At each health-care institute, we provide a data hub that ingests and indexes data, making it searchable and accessible. We use language processing to sift through the data, contextualize it and make it easier and faster for clinicians to search for an appropriate group of patients they want to use in their studies.

When clinicians are looking at this data, they’re also being asked for their expertise on a particular use case — and that knowledge becomes available to everyone else. This allows institutes to leverage their expertise and translate the knowledge of domain experts, while at the same time speeding up data maturation.

And because this entire process is standardized and reproducible across different institutions, two different hospitals — even in two different languages — are able to benefit. If we allow the learnings to be exchanged, rather than the data itself, we’re able to maintain patient privacy and data ownership, solving two critical issues with AI in health-care settings.

Through these learnings, health-care institutes can develop a meta model that performs a task in a way that allows them to see the variability of a patient population.

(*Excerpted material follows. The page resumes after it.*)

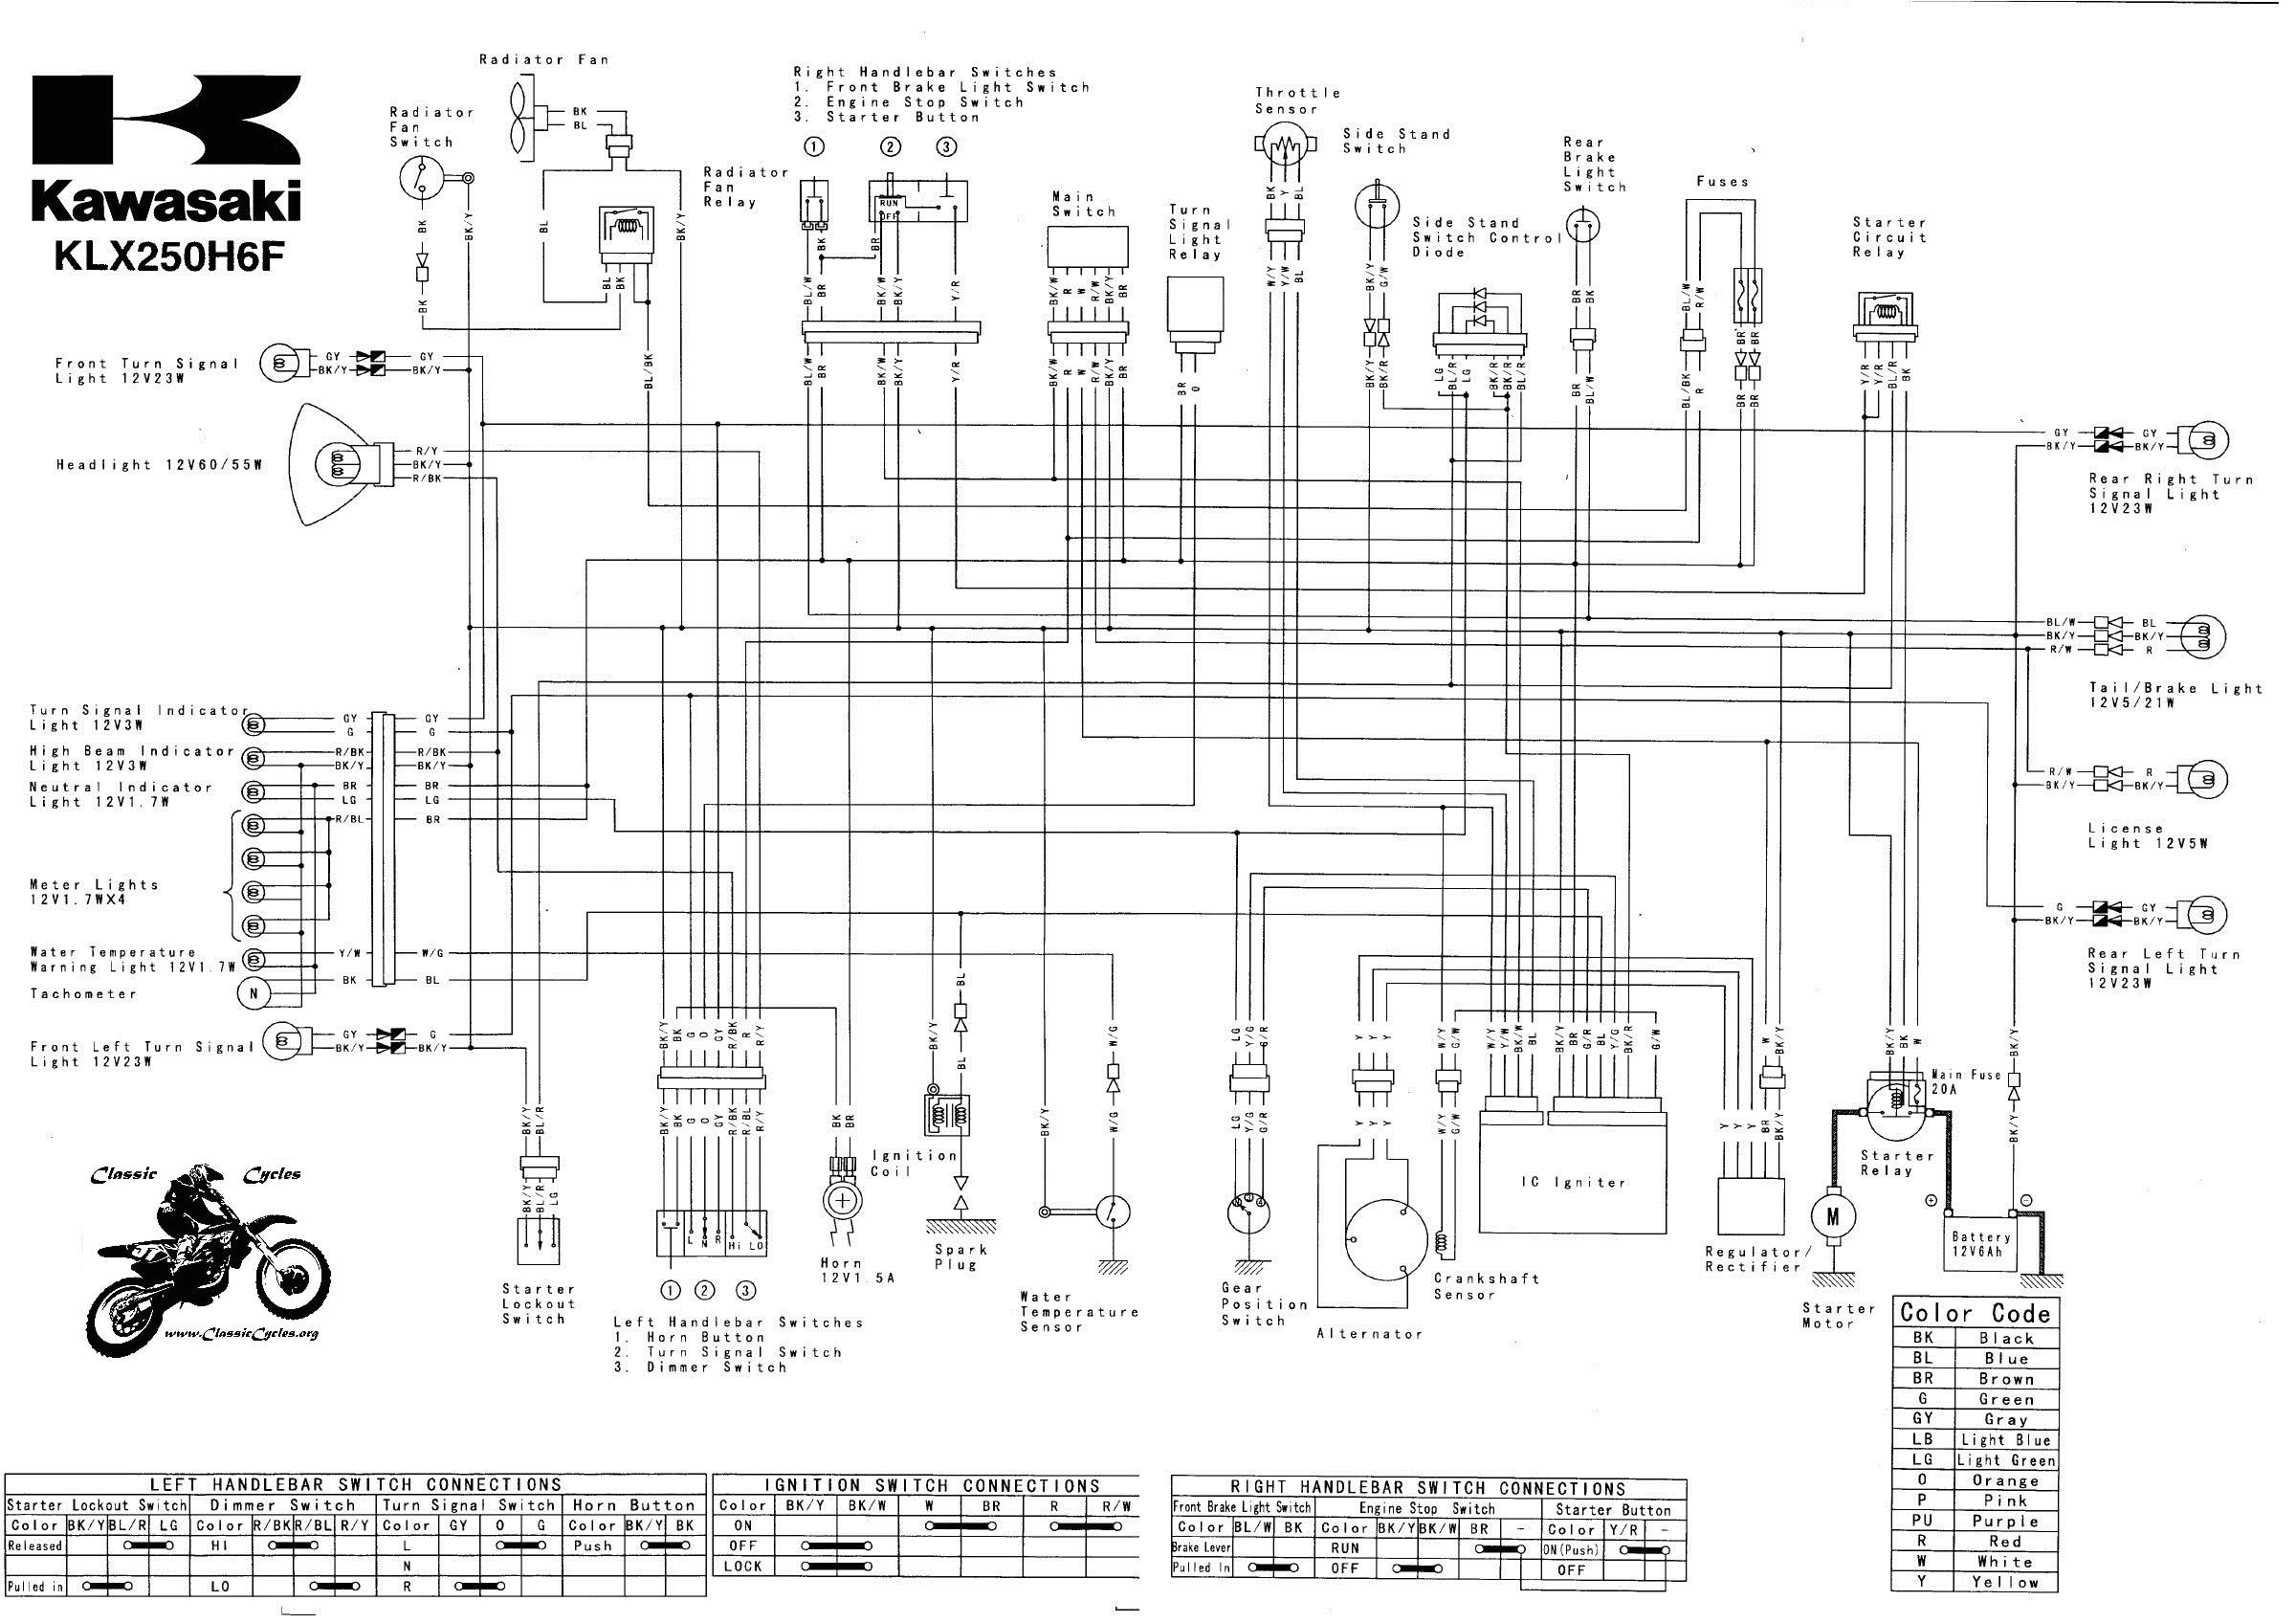 wiring harness diagram for 2006 kawasaki zx10r wiring diagram post wiring harness diagram for 2006 kawasaki zx10r

This meta model not only understands bias, but it can be redeployed with parameters that can be adjusted for a particular practice.

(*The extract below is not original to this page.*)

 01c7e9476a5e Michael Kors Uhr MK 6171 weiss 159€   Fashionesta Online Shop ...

This, in turn, can help to address the issue of digital health equity. Clinical trials are typically run out of a few Centres of Excellence, which means data is only collected on people within a certain radius of those centres. In a distributed learning framework, infrastructure is provided to all institutes, reducing the bias of those Centres of Excellence. That means if health data is captured in Nunavut, for example, it can be included in the learnings, even without AI experts based in Nunavut.

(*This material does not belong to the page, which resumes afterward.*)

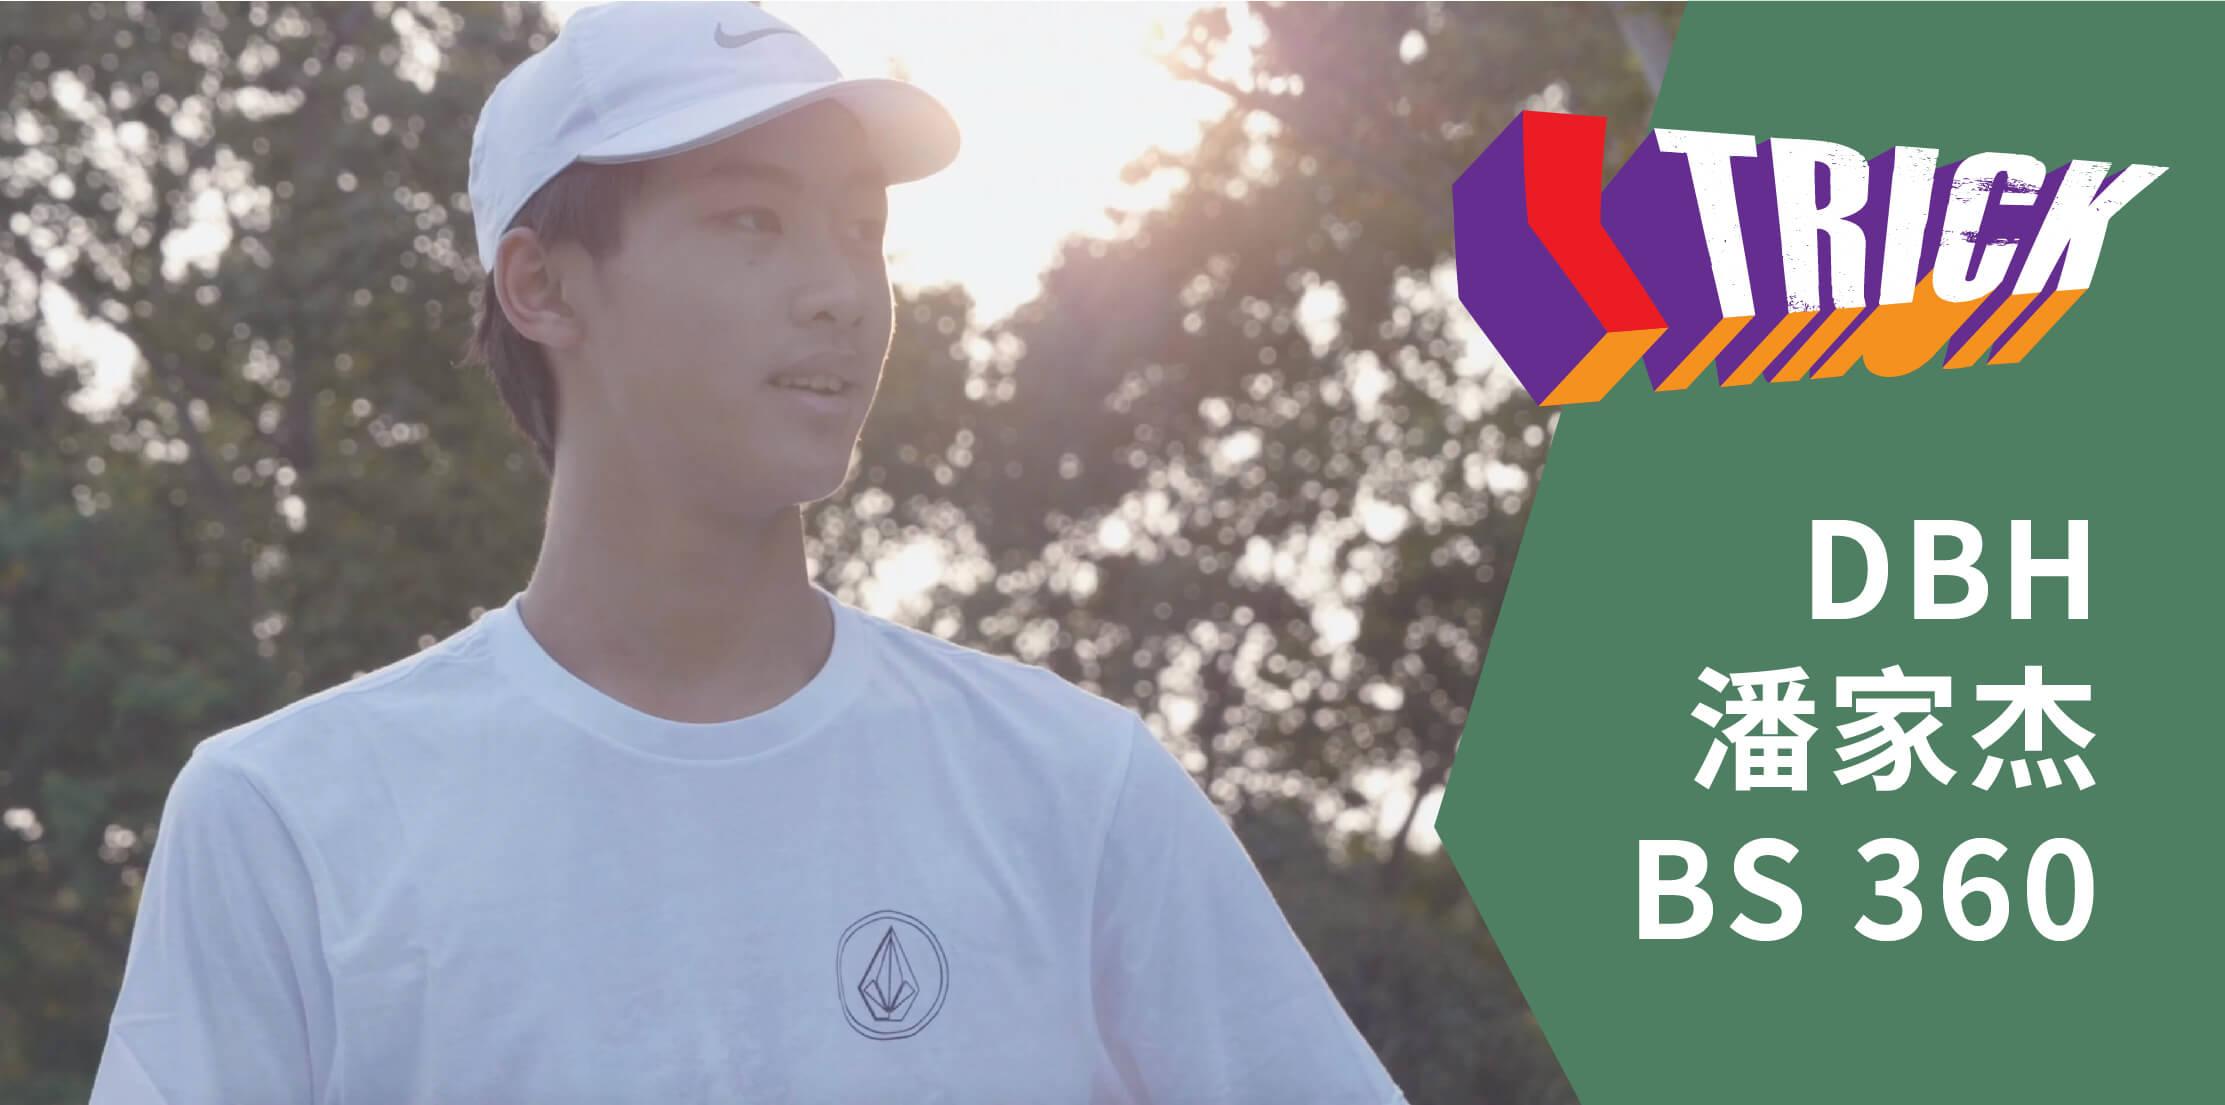 DBH 滑板教学 – 潘家杰教你做 Backside 360

The future of AI in healthcare

When it comes to AI, there’s still a big delta between the most advanced institutes and the average institute. But the pandemic has brought to light many of the inefficiencies in our health-care system. Many departments still have to manually calculate the best way to deal with supply and demand, optimize schedules and deal with backlogs.

We’re already seeing the use of statistical or machine learning models by insurance companies to predict things such as hospital readmission risks or understand high-risk patients based on socioeconomic factors. This can help to ensure patients get the specialty care they need and don’t get bounced around until they land on the right set of care providers.

We’re just starting to tap the potential of AI in health-care settings. In an emergency room, for example, it can be used to triage high-risk patients faster. During appointments, it can be used by clinicians to get a more complete picture of exam results to ensure nothing is missed. This reduces risk, and also helps us move toward more personalized health care.

Artificial intelligence is not meant to replace clinicians, but rather to help them focus on what matters: patients, rather than manual data entry and administrative tasks. When properly implemented, it can help clinicians better serve their patients while reducing burnout.

But AI in health care isn’t a magic bullet. It’s more of a digital elixir: a medical solution that brings together data science, machine learning and deep learning that can help clinicians transform data into better patient care.